Friday's dreadful jobs report for October lured several of the cognoscenti out of the 25-basis-point cut camp and into the camp of the half-pointers.

Not everyone mind you. Some economists, even after reading the jobs horror story, are sticking to their guns that the FOMC Tuesday will cut the funds target rate by only 25 BPs, to 2.25%.

Among the quarter pointers is Steven Ricchiuto, chief economist at ABN AMRO. "The real fed funds rate," he said Friday afternoon, "is already in negative territory, and considering the concerns about over-stimulating the economy expressed by the inflation hawks on the FOMC, we think the size of the November move will be just 25 basis points."
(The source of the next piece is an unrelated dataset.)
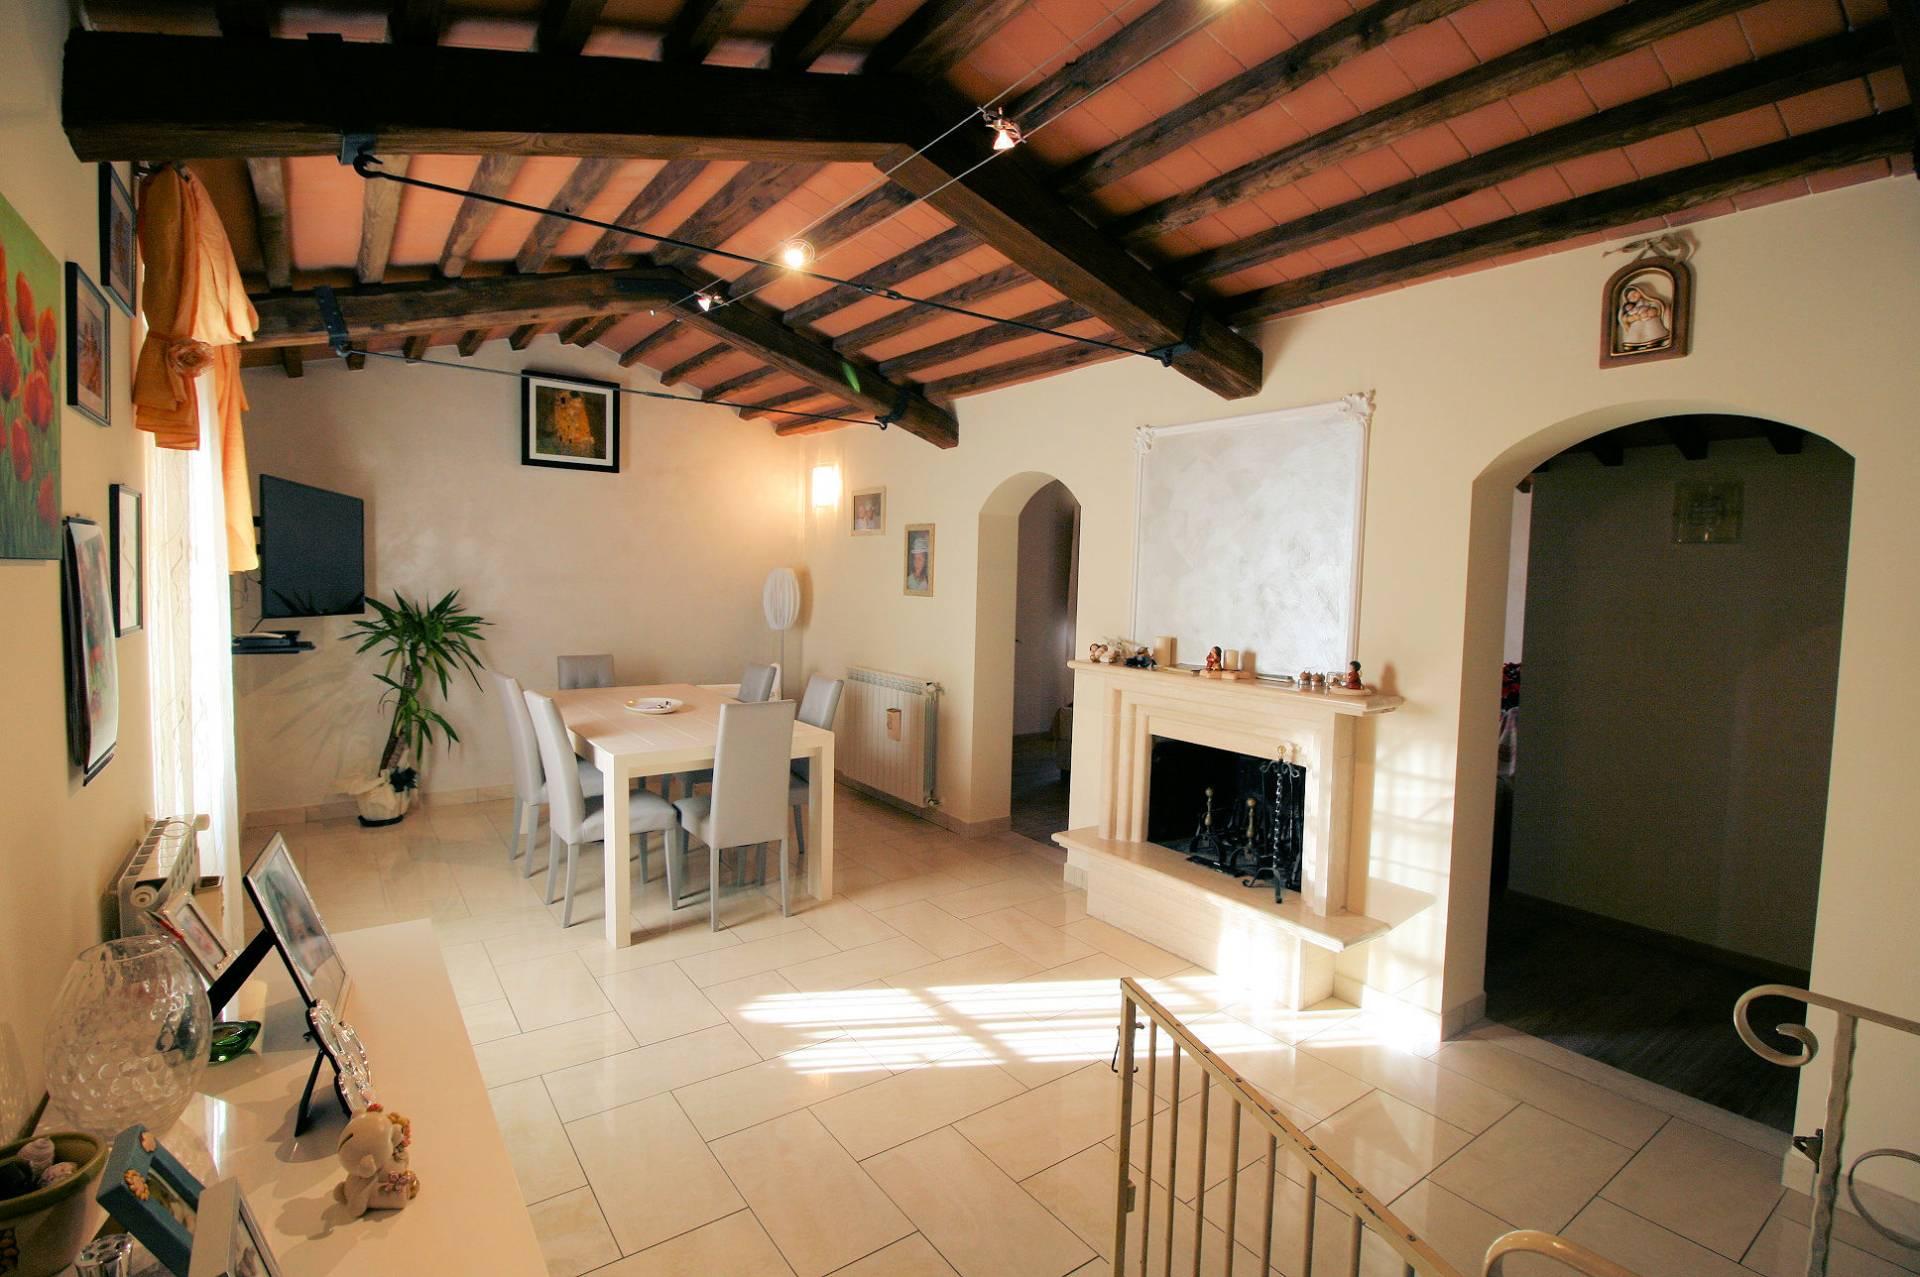 Rustico / Casale in vendita a Pescia, 5 locali, prezzo € 270.000 | CambioCasa.it

The folks in the economics shop at Salomon Smith Barney beg to differ. "It's a close call but we believe policymakers will opt for the larger move," they wrote Friday afternoon.

Well, I'll wait for the Tuesday morning column to make my call. Even so, Steve, I must say that the country appears to me to be under far more pressure from deflationary trends than from bubbling inflation.

The FOMC rate hawks don't appear to have the fodder with which to feed their fears. Friday, ECRI, the Economic Cycle Research Institute, said its "U.S. Future Inflation Gauge, designed to anticipate cyclical swings in the rate of inflation, plummeted to a 26-year low of 96.0 in October ... "

"Today, inflation pressures are at their lowest levels in a generation because of the first synchronous global recession since 1973-75," ECRI added.